Make an exact copy, from the records below, of the lines from the line containing "16 Beautiful Birthday" to the line containing "Mark Darling, Lance", both lines included, excluding pictures.

— PROVIDED MATERIAL —
== == ==

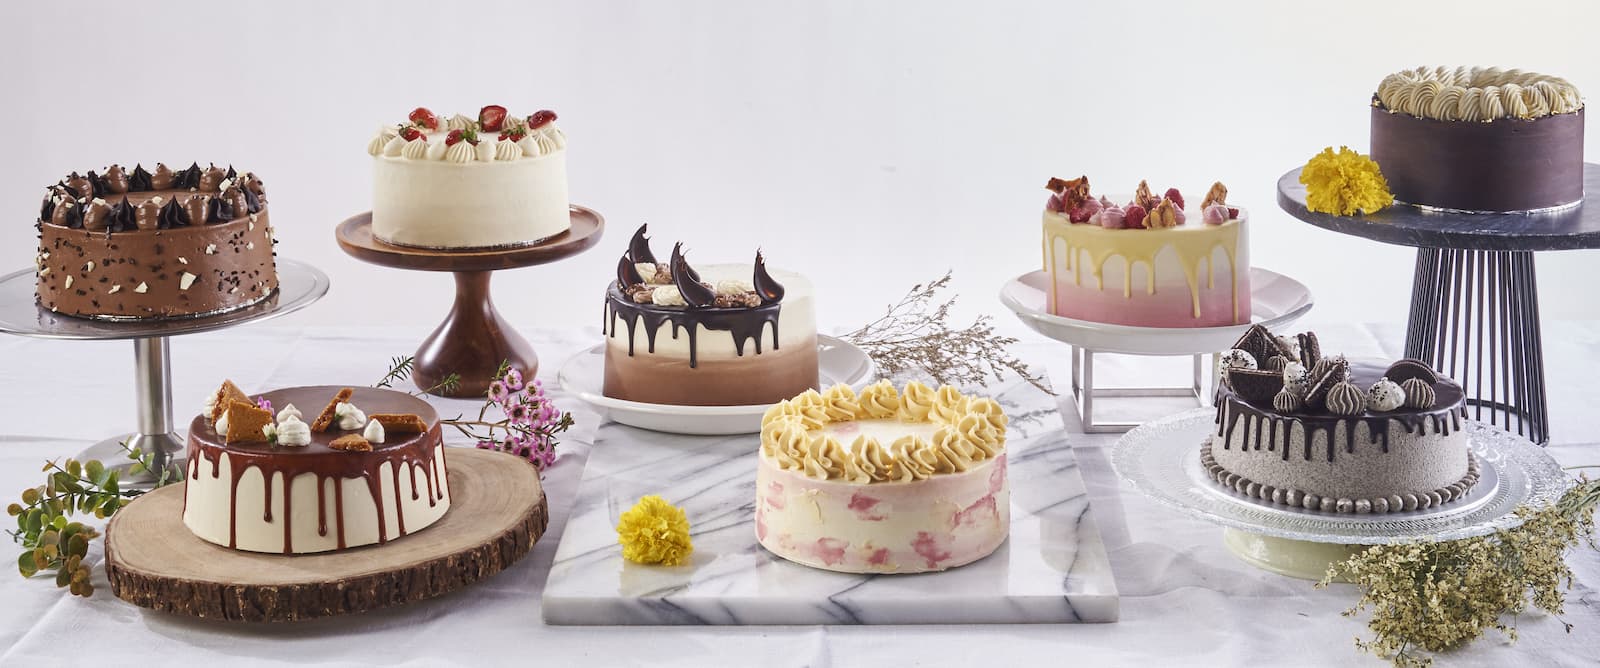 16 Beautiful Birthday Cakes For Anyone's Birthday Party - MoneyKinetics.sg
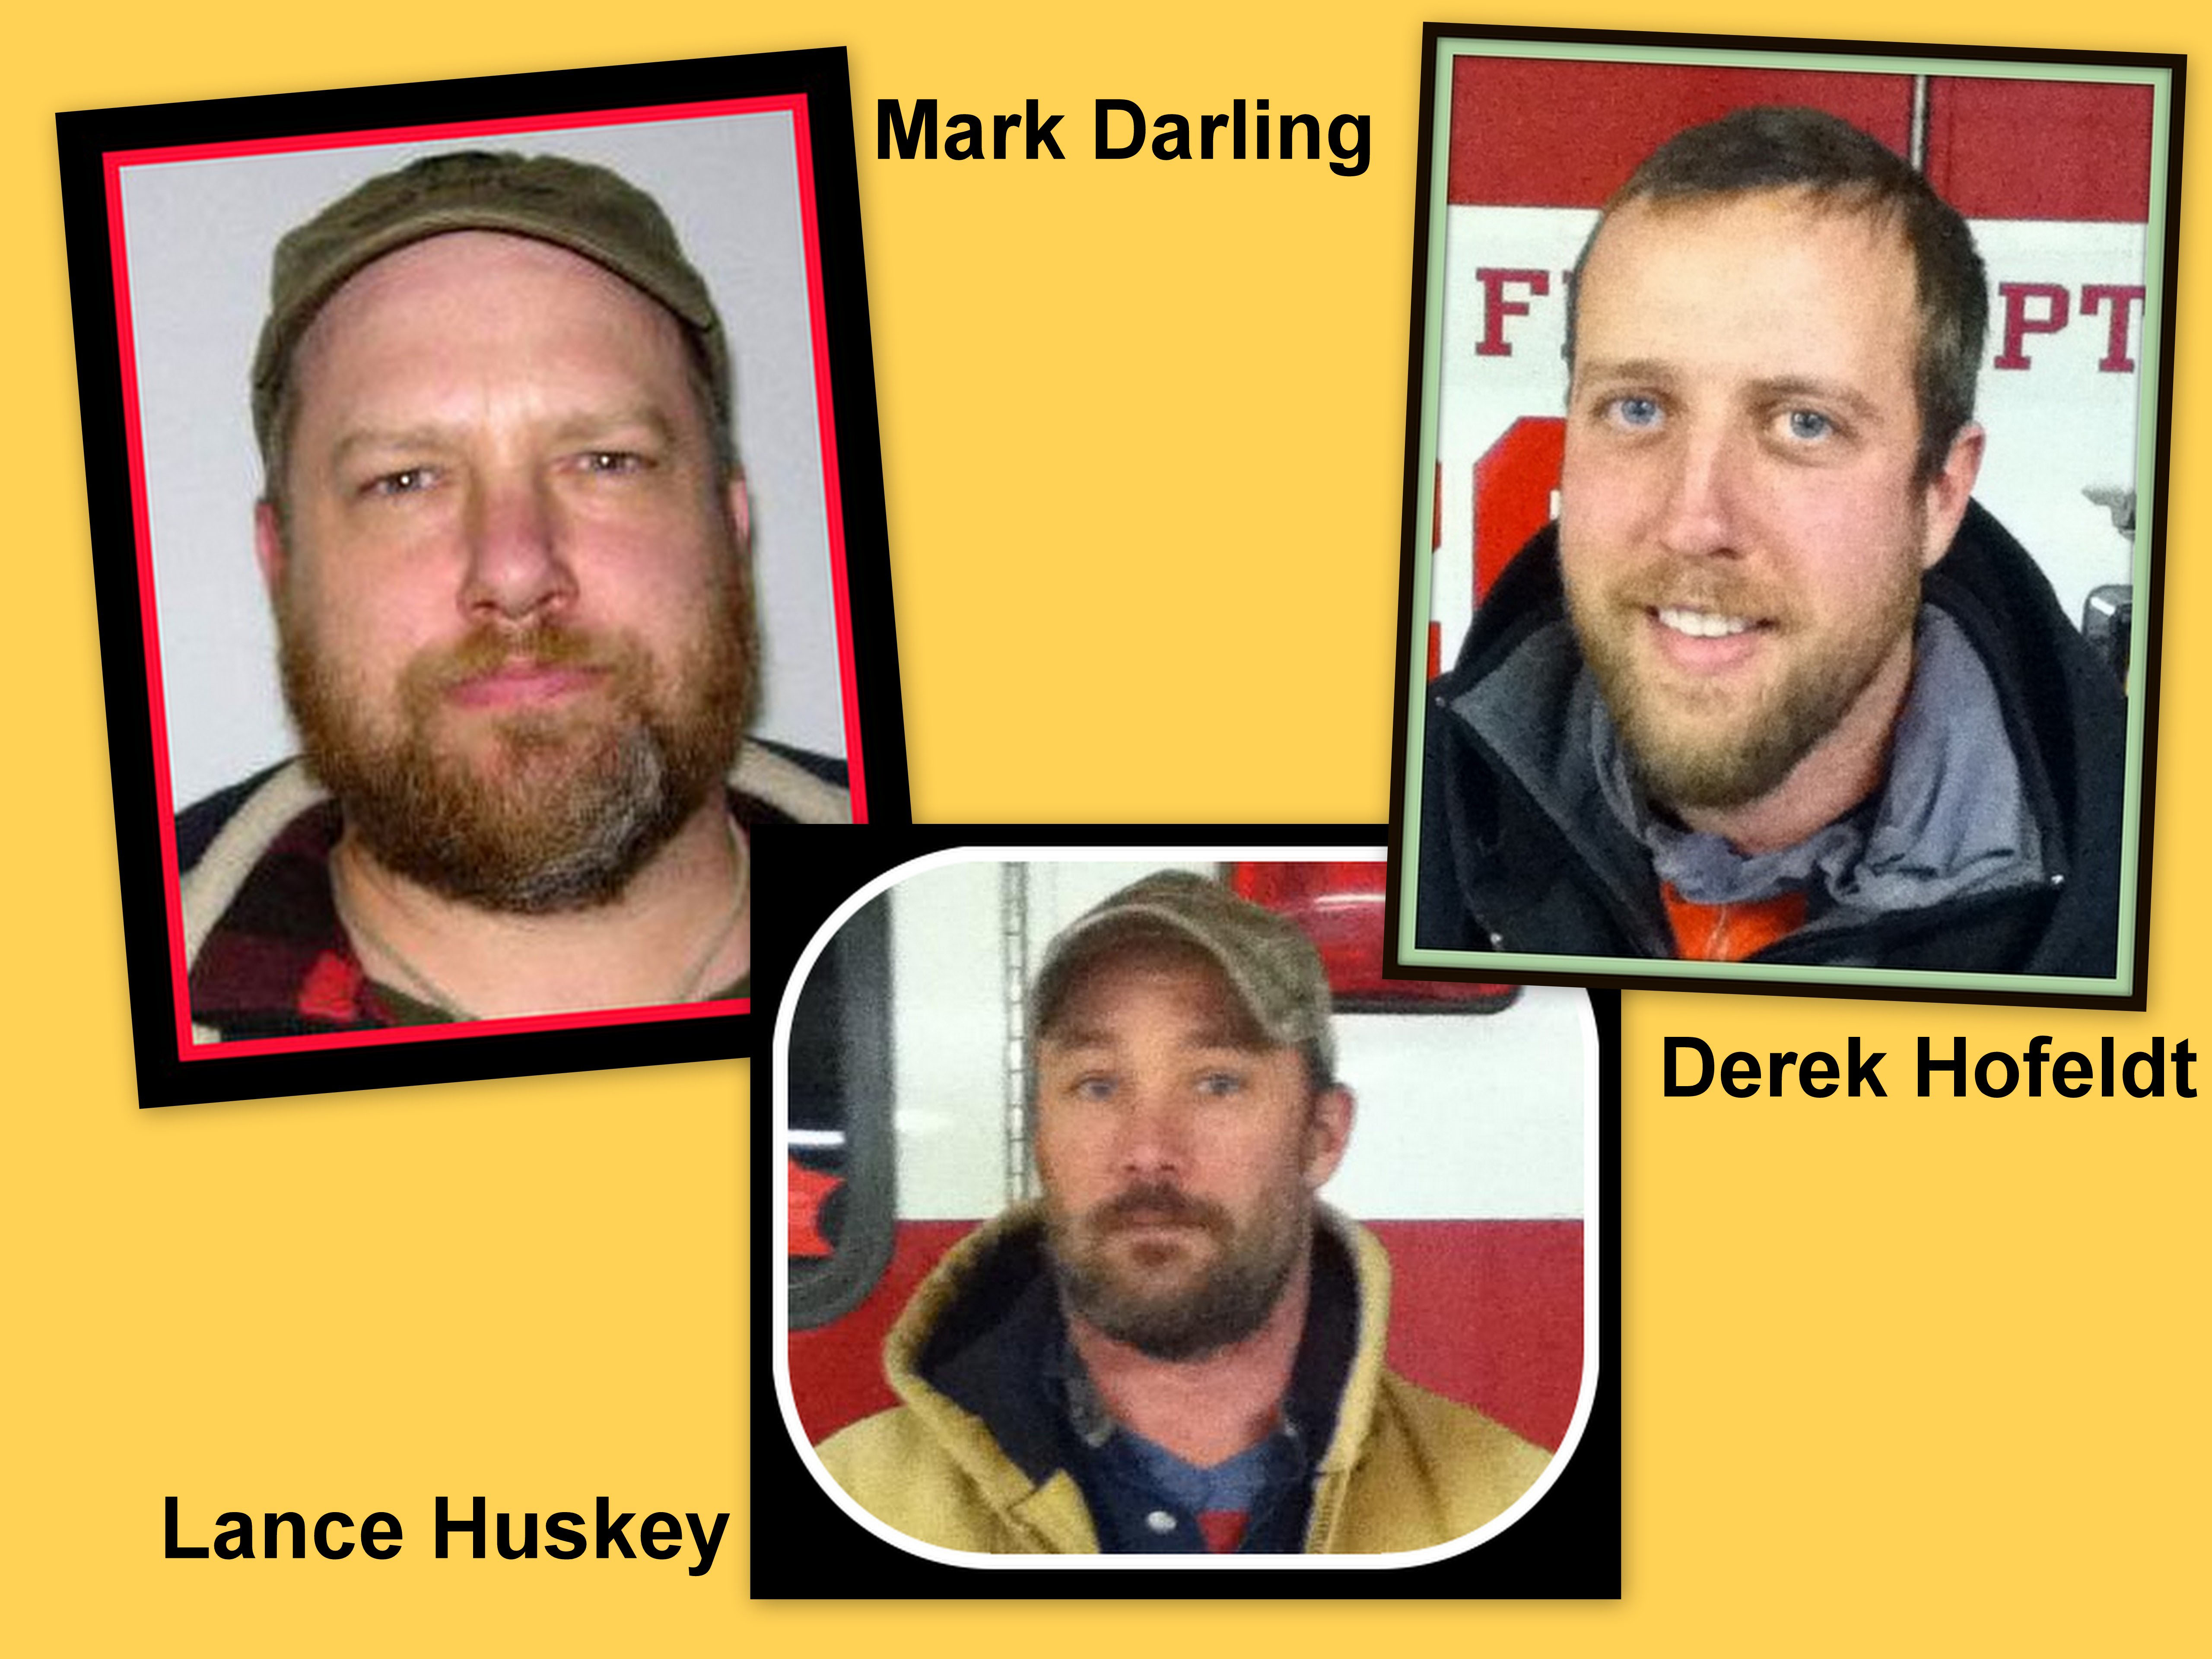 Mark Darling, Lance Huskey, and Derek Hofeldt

== == ==

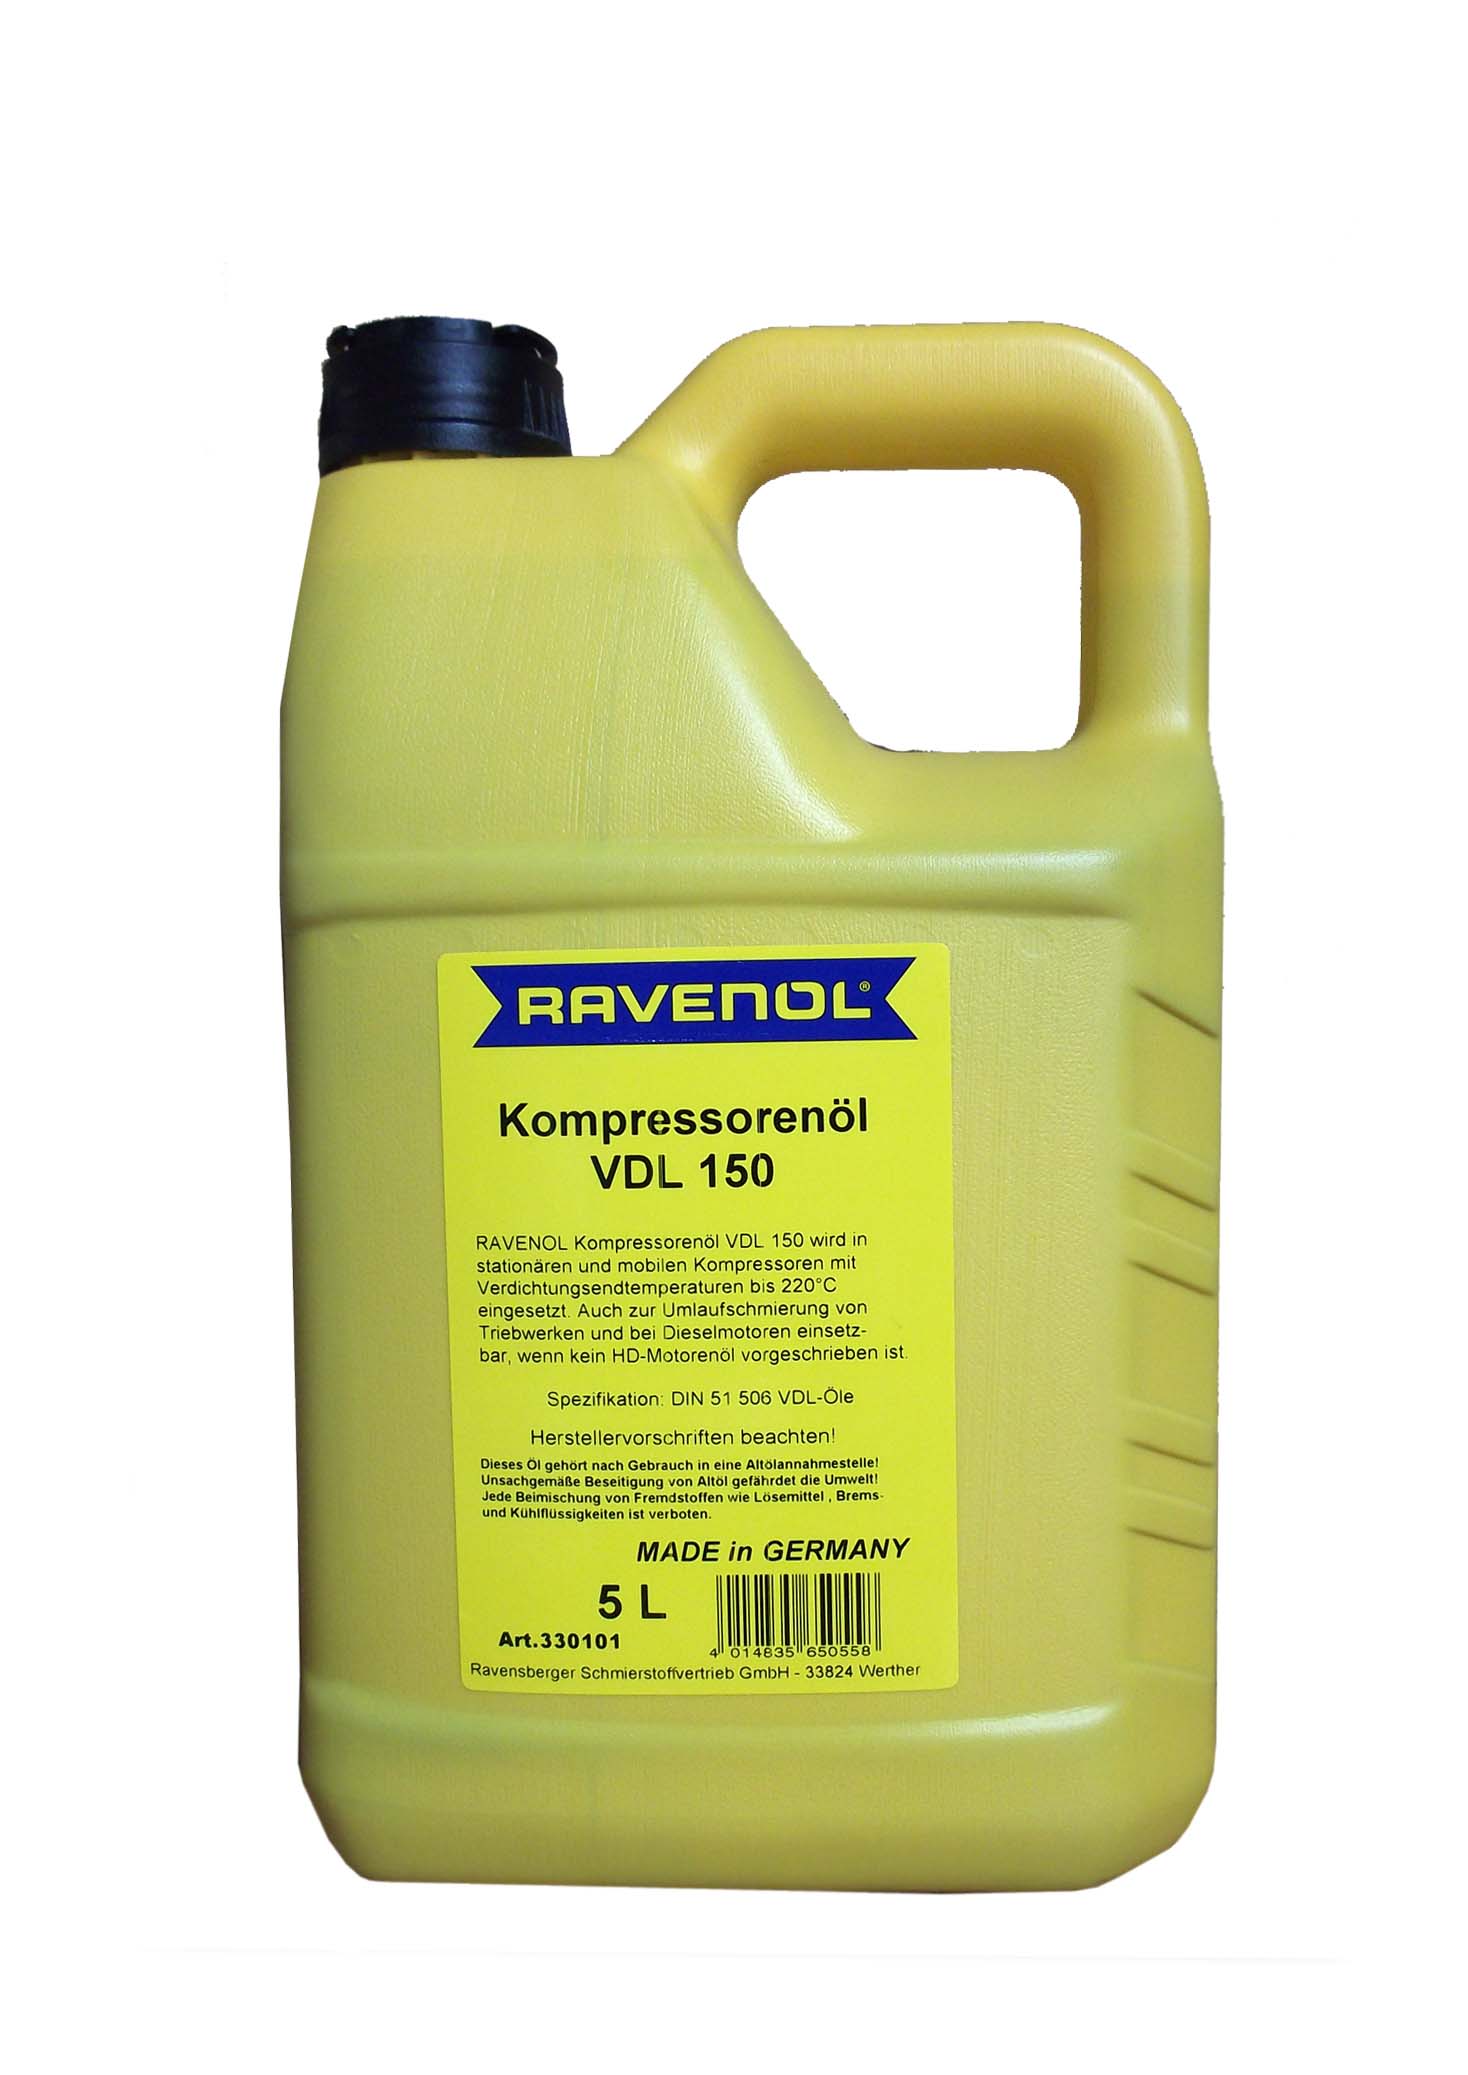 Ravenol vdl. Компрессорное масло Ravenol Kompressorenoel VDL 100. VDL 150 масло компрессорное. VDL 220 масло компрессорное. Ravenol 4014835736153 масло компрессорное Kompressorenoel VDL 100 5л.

== == ==

— SOLUTION FOR THIS EXERCISE —
 16 Beautiful Birthday Cakes For Anyone's Birthday Party - MoneyKinetics.sg
 Mark Darling, Lance Huskey, and Derek Hofeldt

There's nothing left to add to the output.